Backpropagation uses the chain rule from differential calculus to compute the gradient (or derivative) of the loss function with respect to the weights in a neural network. This gradient is then used in the gradient descent algorithm to update the weights and minimize the loss function.
Gradient descent is an optimization algorithm that uses the gradient (or derivative) of the loss function to decide in which direction to adjust the weights in order to minimize the loss. The gradient points in the direction of steepest ascent, so by moving in the opposite direction (i.e., the direction of steepest descent), the algorithm iteratively finds the minimum of the function.
## The Simple Idea Behind The Magic
At the core of many advanced technologies are simple algorithms working with lots of data. It's like teaching someone to play a song on the piano. The more they practice (data), and the more they adjust based on feedback (simple learning rules), the better they get.

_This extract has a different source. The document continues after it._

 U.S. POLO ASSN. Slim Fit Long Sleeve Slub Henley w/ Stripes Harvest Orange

### Big Data: The Fuel for Learning
Data is like the raw material for machine learning.
- **Learning from Examples**: The more data you feed into a model, the better it can learn patterns and make accurate predictions.
- **Capturing Nuances**: Large datasets help models understand subtle differences that small datasets might miss.

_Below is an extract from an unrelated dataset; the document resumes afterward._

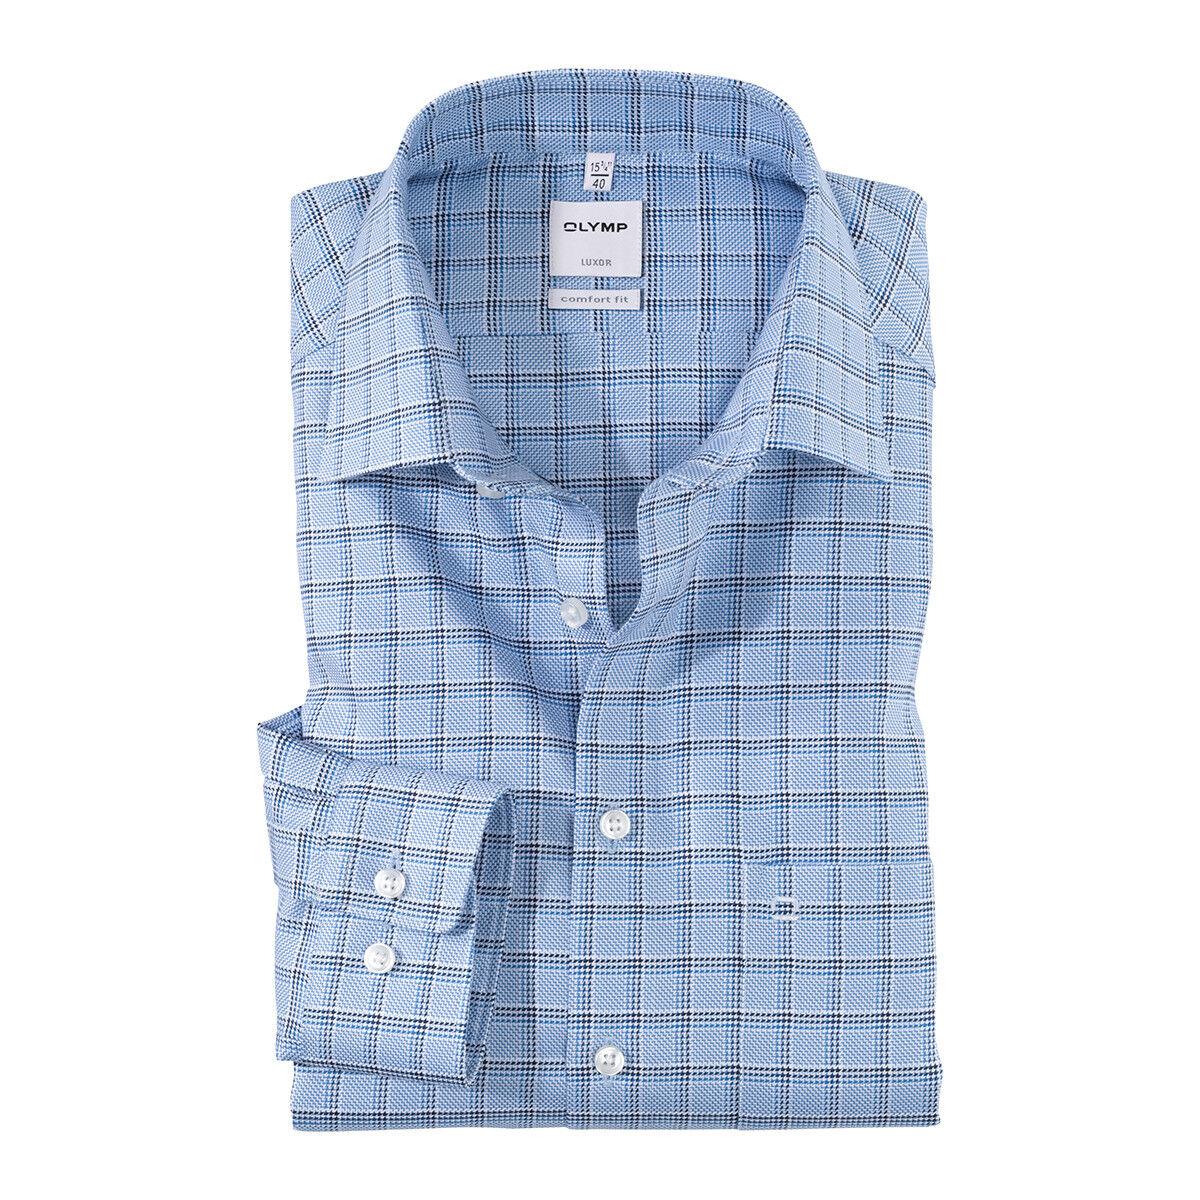 XXL Olymp Langarmhemd Muster hellblau-violett kariert 44 46 48 50 NEU Übergröße

Imagine trying to recognize different dog breeds. If you've only seen a few pictures, you might confuse a Labrador with a Golden Retriever. But if you've seen thousands of images, you'll start to notice the unique features of each breed.
### Backpropagation and Gradient Descent: The Learning Process
These might sound technical, but they're simpler than you think.
#### Backpropagation: Learning from Mistakes
Backpropagation is how a model learns from errors.
- **Making a Guess**: The model makes a prediction based on current data.
- **Checking Accuracy**: It compares its prediction to the actual result to see how far off it was.
- **Adjusting**: It then goes back and tweaks its internal settings to improve next time.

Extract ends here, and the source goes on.